[EXERCISE AIM]
Set down all of the data that follows word for word, without the images.

BEGIN DATA SHOWN

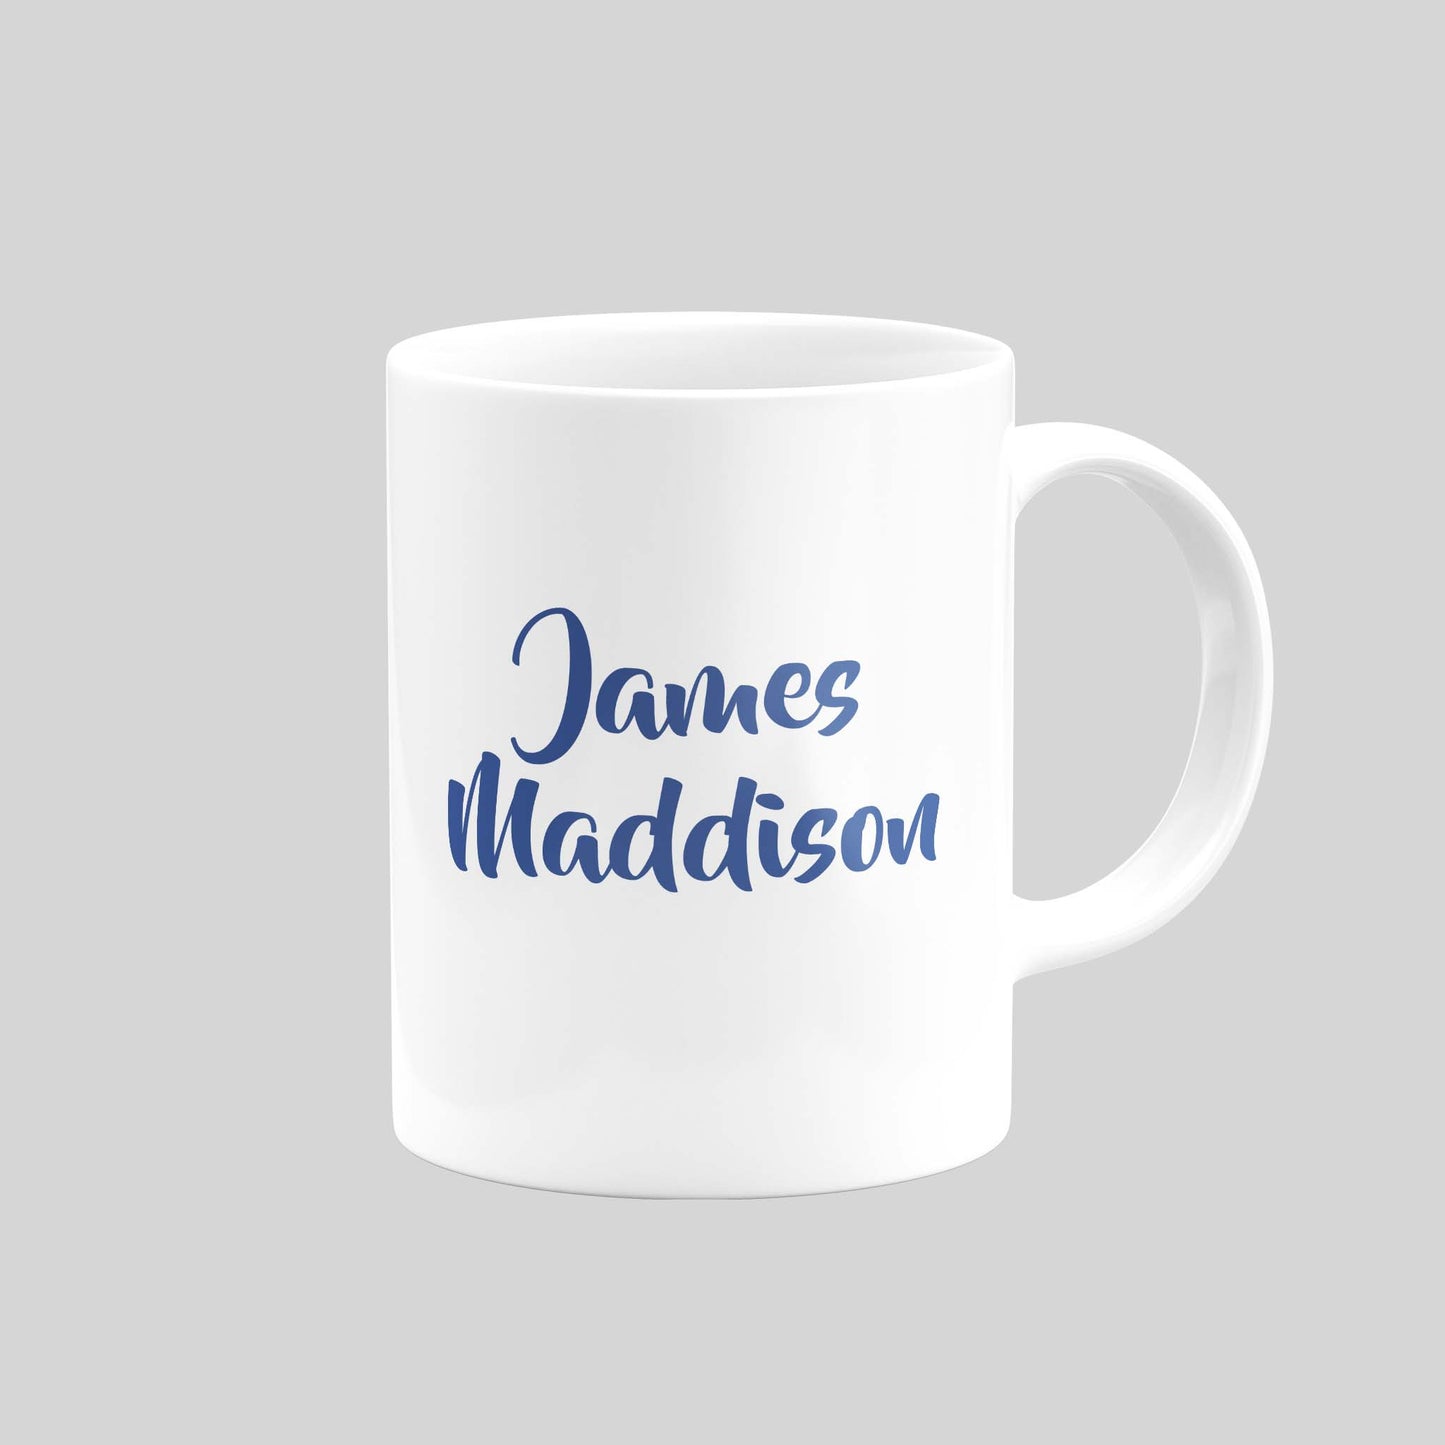 James Maddison Mug
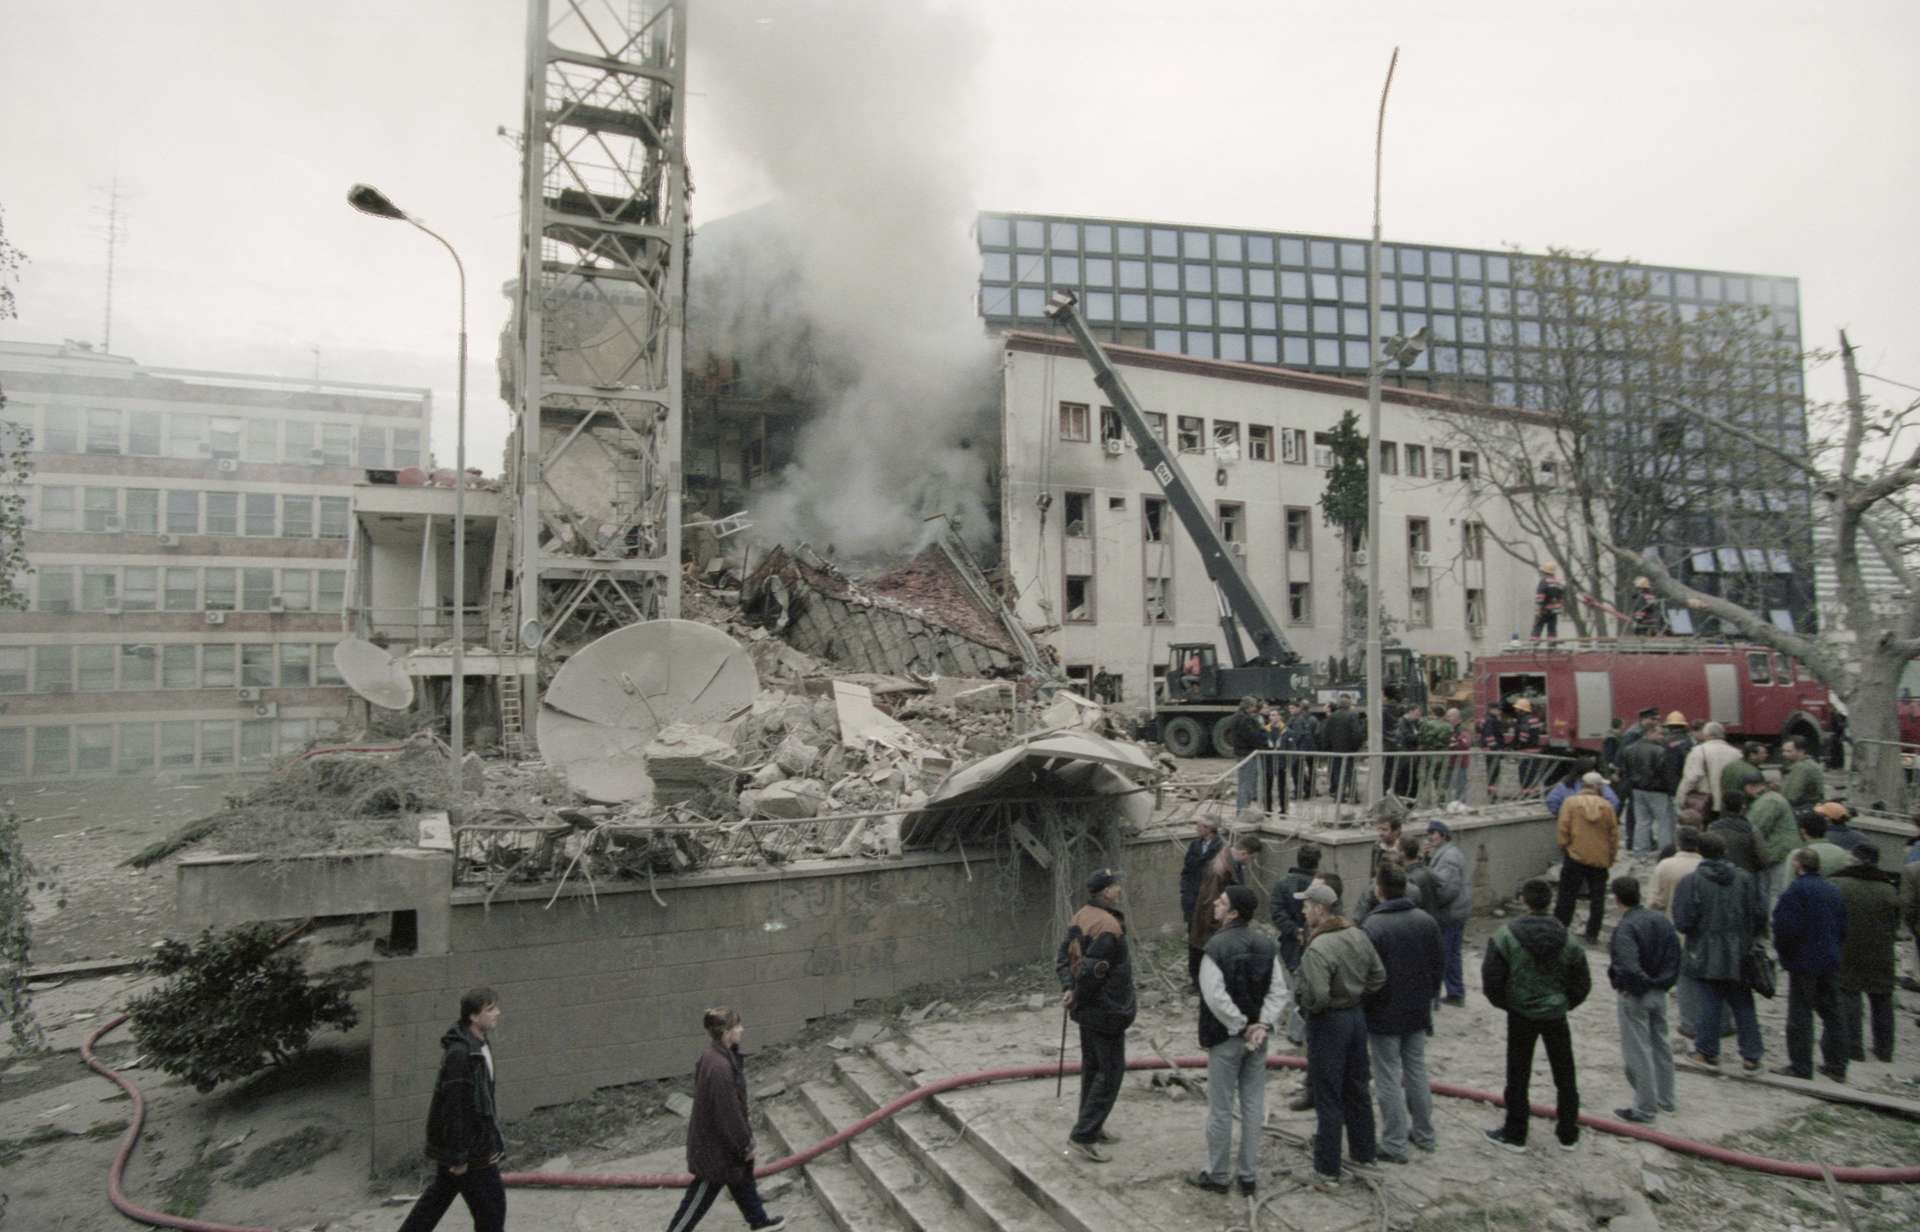 Сербия 1999 год. Белград 1999 год. Сербия после бомбардировок 1999. Бомбардировки Сербии в 1999 году.
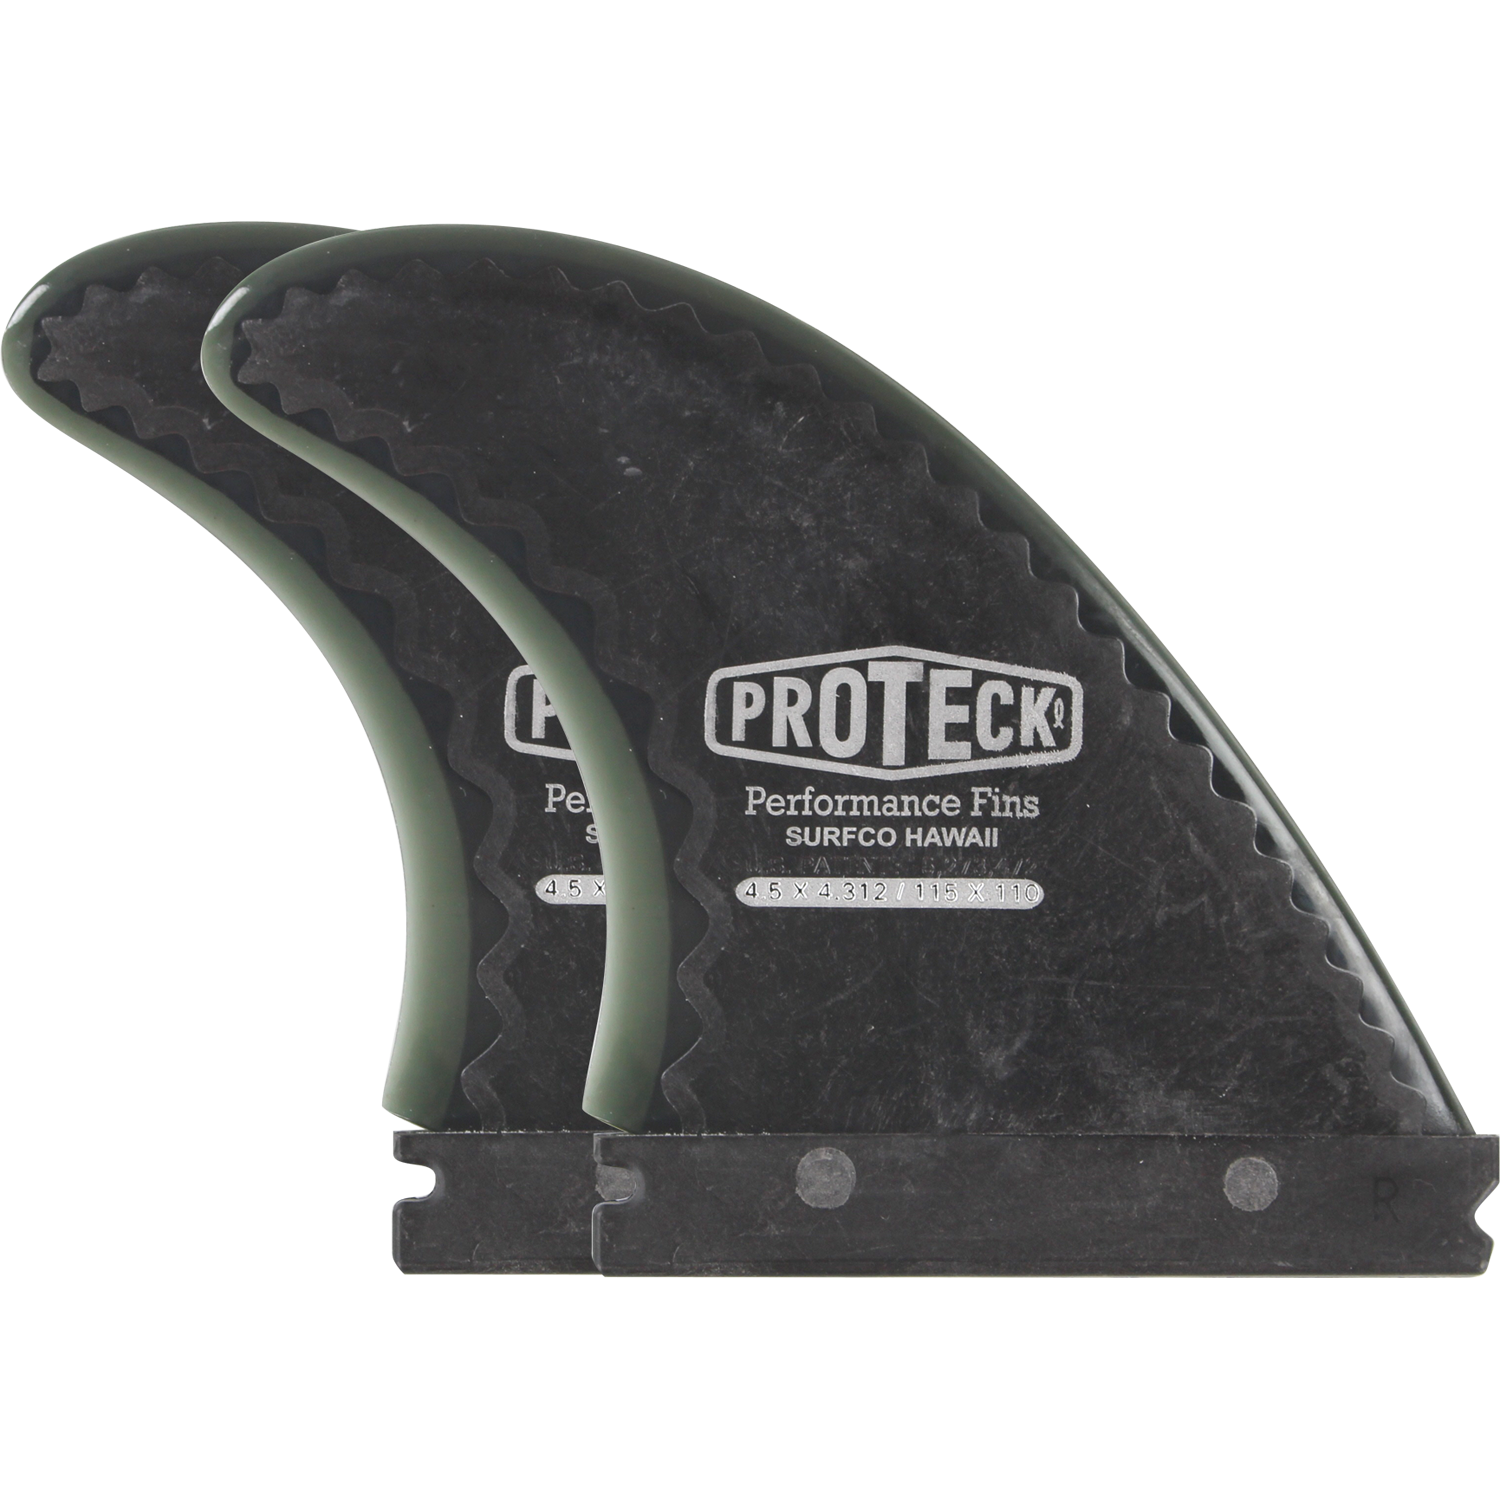 Proteck Perform Ffs Side 4.5 Black Surfboard FIN  -  SET OF 2PCS
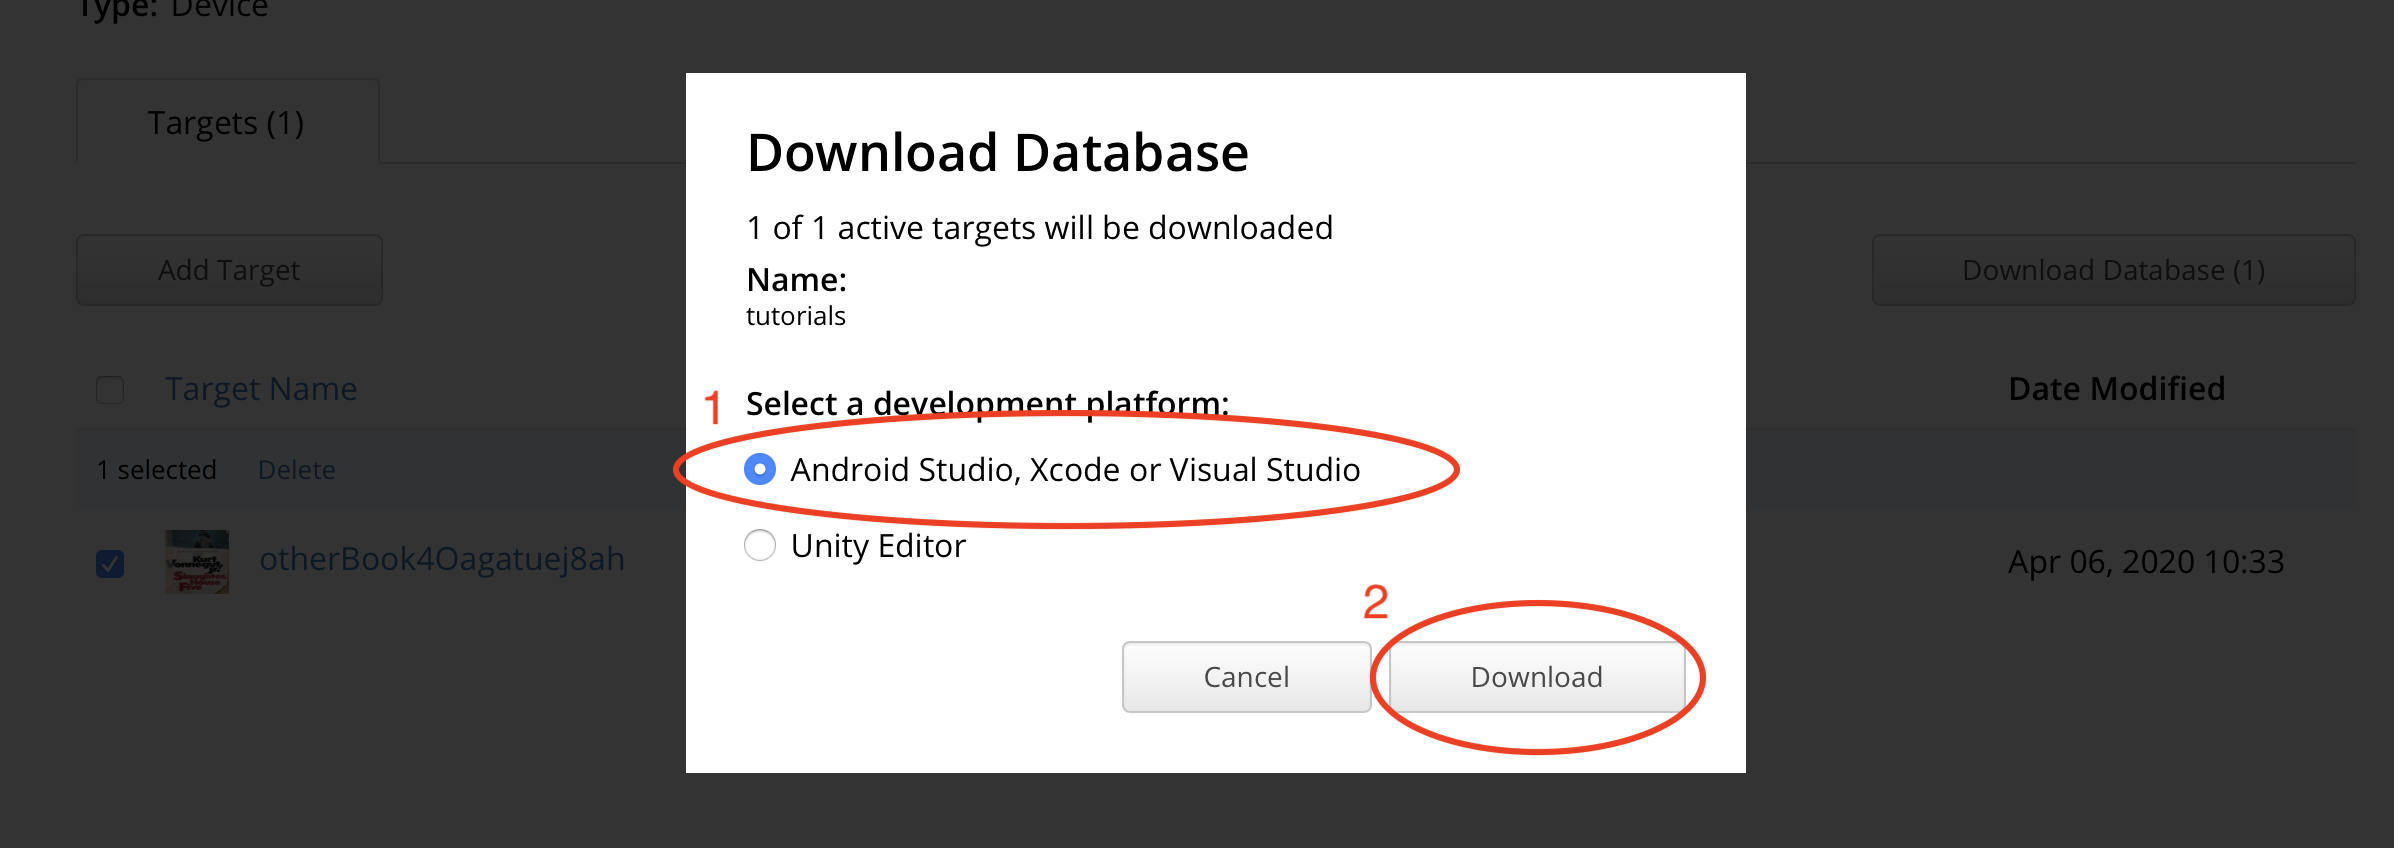 download-database-popup

END DATA SHOWN

[OUTPUT OF THE TASK]
 James Maddison Mug
 Сербия 1999 год. Белград 1999 год. Сербия после бомбардировок 1999. Бомбардировки Сербии в 1999 году.
 Proteck Perform Ffs Side 4.5 Black Surfboard FIN  -  SET OF 2PCS
 download-database-popup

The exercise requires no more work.